Competitive Landscape and Pricing Pressure
Tesla faces significant pricing challenges against Chinese competitors in Chile. The Model 3 starts at approximately $39.9 million Chilean pesos ($42,000 USD), while BYD’s entry-level models undercut this by thousands of dollars. BYD’s premium Seal sedan, marketed as a “Tesla killer,” has struggled in Chile due to pricing nearly $16,000 above the base Model 3 and low ground clearance unsuitable for the country’s speed bumps and curb parking.
The competitive dynamics in South America mirror broader global trends. Tesla’s U.S. market share dropped from 51% to 44% in Q1 2025 as GM and Ford gained ground. In Europe, Tesla sales plunged 36% in Spain while Chinese brands like BYD and MG saw triple-digit growth.

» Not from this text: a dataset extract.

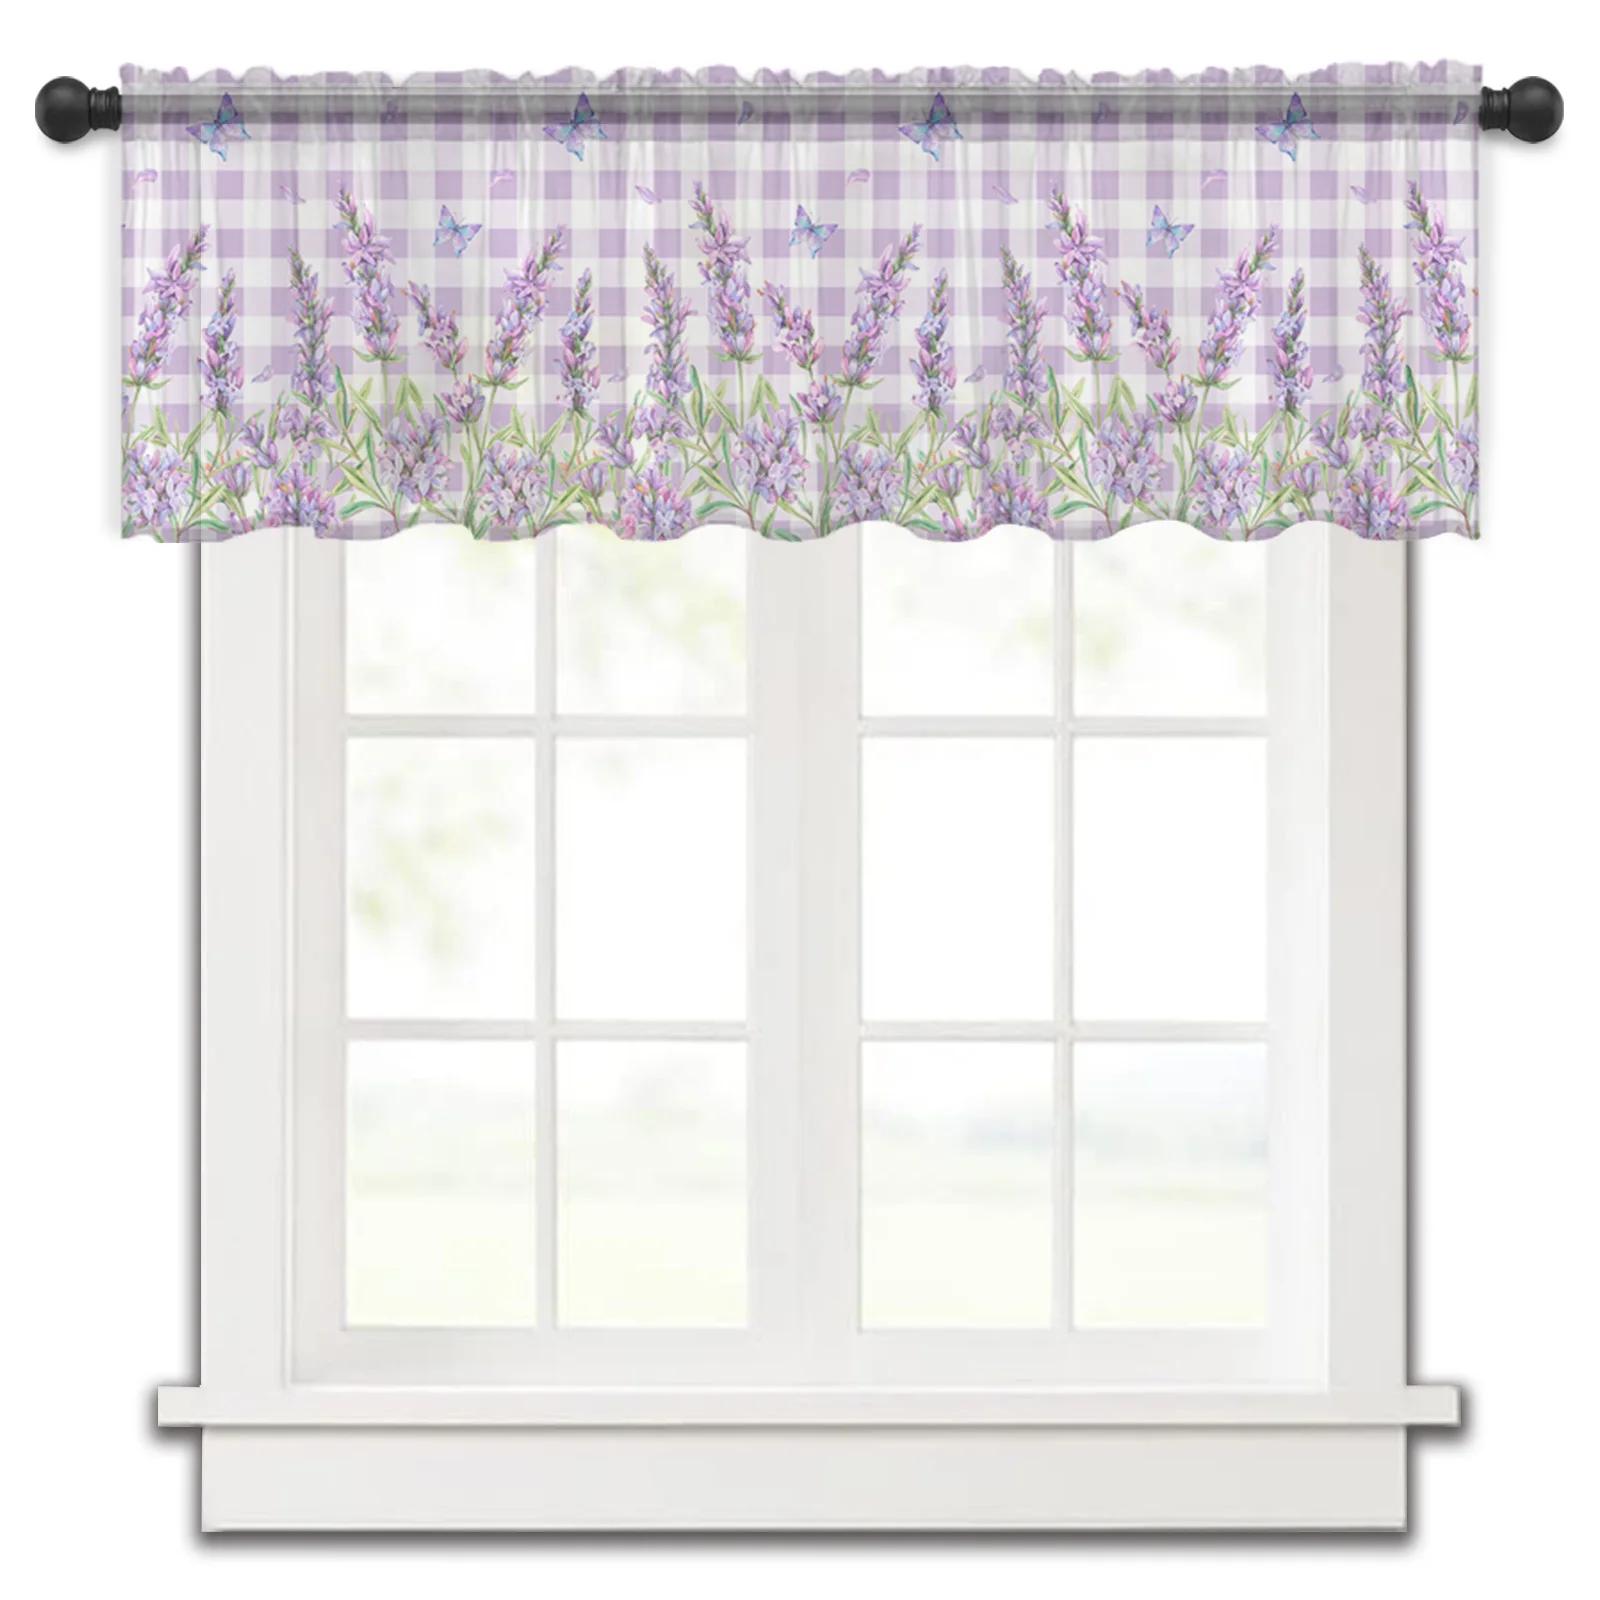 

Rustic Flower Purple Lavender Butterfly Kitchen Curtains Tulle Sheer Short Curtain Bedroom Living Room Home Decor Voile Drapes

China’s dominance extends across Latin America. In 2024, Chinese automakers sold $8.56 billion worth of vehicles in the region, accounting for roughly 20% of the car market, up from just $2.2 billion in 2019. This expansion has reshaped perceptions about Chinese vehicle quality and technology throughout Latin America.
EVXL’s Take
Tesla’s second Chilean store signals continued commitment to South America, but the numbers tell a sobering story. While Tesla opened two retail locations over 21 months, BYD has been operating in Chile since 2016 and now moves more metal than anyone else in the region’s EV space. The Chinese competitor’s strategy of starting with electric buses created brand awareness and charging infrastructure that now supports its passenger vehicle expansion.
This pattern should sound familiar to EVXL readers. We’ve covered Tesla’s struggles against Chinese manufacturers in multiple markets, from Li Auto and XPeng crushing Tesla in China with 50% sales growth to BYD and MG capturing budget-conscious buyers across Europe. Tesla’s response has been aggressive international expansion, opening showrooms in India and Saudi Arabia this year, but expansion alone doesn’t solve the core competitive challenge.

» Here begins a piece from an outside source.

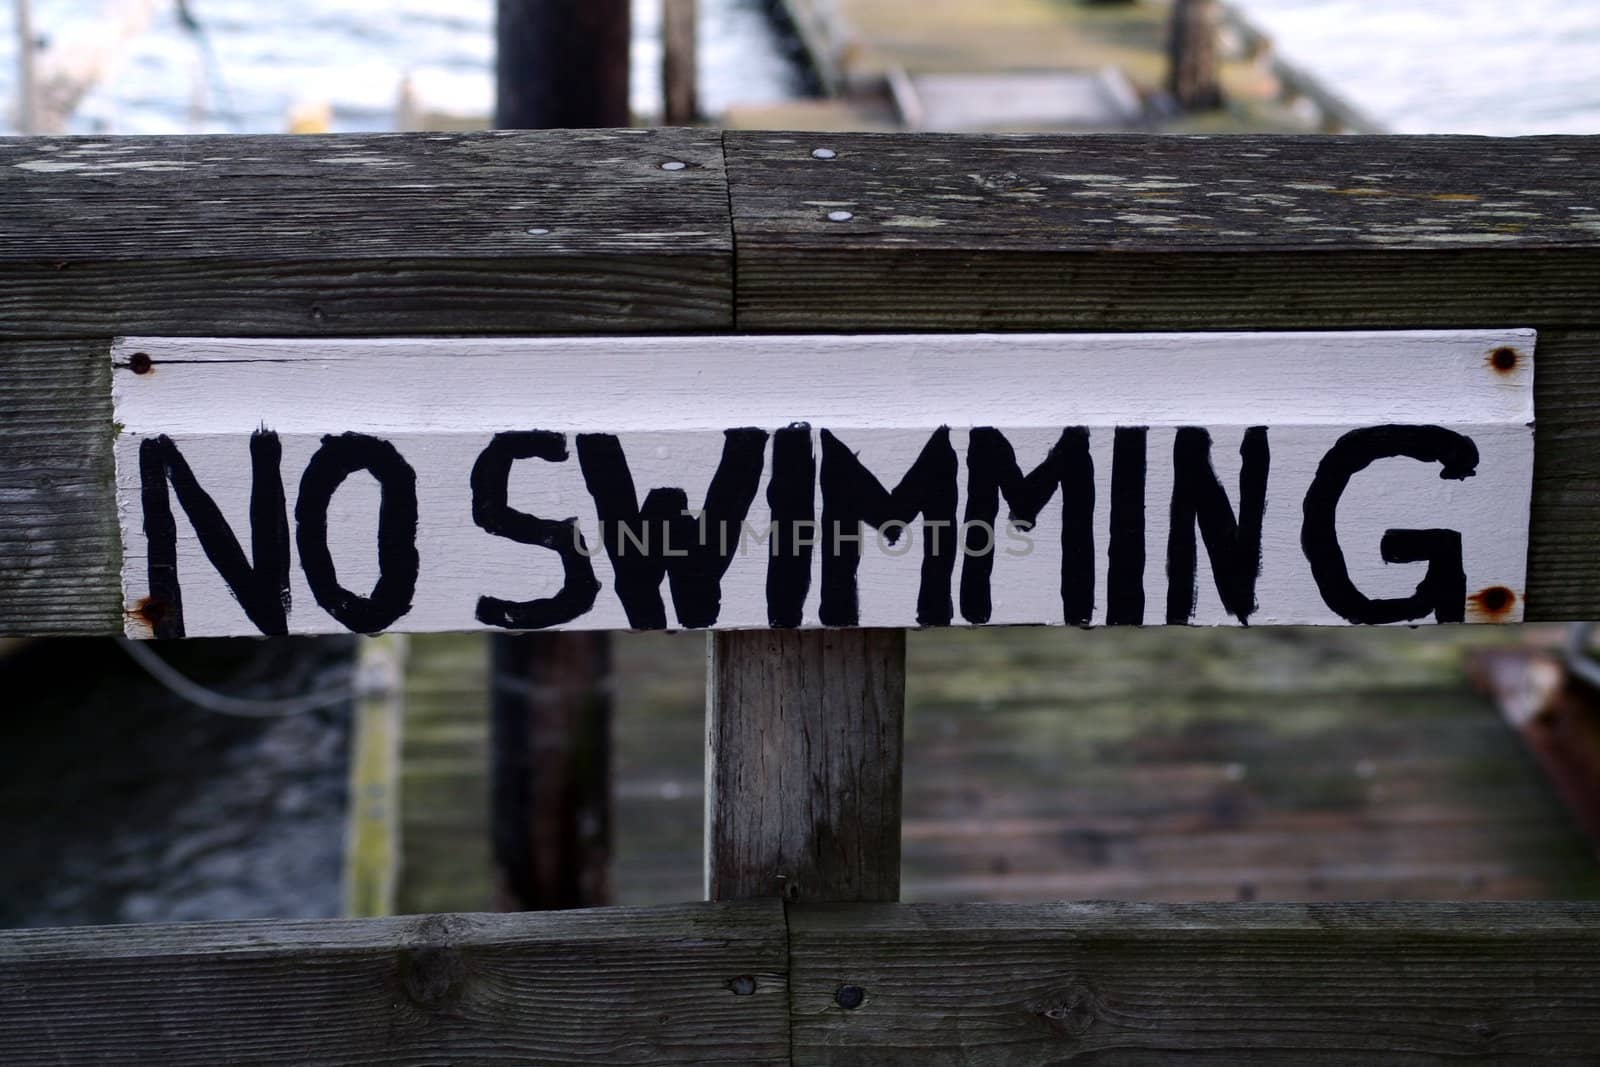 An old wood sign painted with No Swimming.

The Supercharger network remains Tesla’s trump card. No competitor can match the reliability and coverage of Tesla’s charging infrastructure, and Chile’s unique geography plays to this strength. A 4,000 km country with concentrated urban wealth and clear highway corridors is almost perfectly designed for Tesla’s business model. If the company can execute on its promised 200 km Supercharger spacing within two years, it creates a moat that BYD can’t easily replicate.
But infrastructure alone won’t guarantee success. BYD pulled out of a $523 million lithium processing investment in Chile earlier this year due to falling lithium prices, showing even Chinese manufacturers face challenges in the region. However, BYD’s established presence with electric buses, lower-priced vehicles, and broader model lineup gives it significant advantages in a price-sensitive market.
The bigger question is whether South America represents a meaningful growth opportunity or a distraction from Tesla’s core challenges. The entire Chilean auto market sells 300,000 vehicles annually—the same number Brazil sells monthly. If Tesla can’t hold market share in the U.S., Europe, and China, capturing a few thousand annual sales in Chile won’t move the needle. But if South America becomes the beachhead for learning how to compete against Chinese manufacturers in emerging markets, this second showroom might prove more strategic than it appears.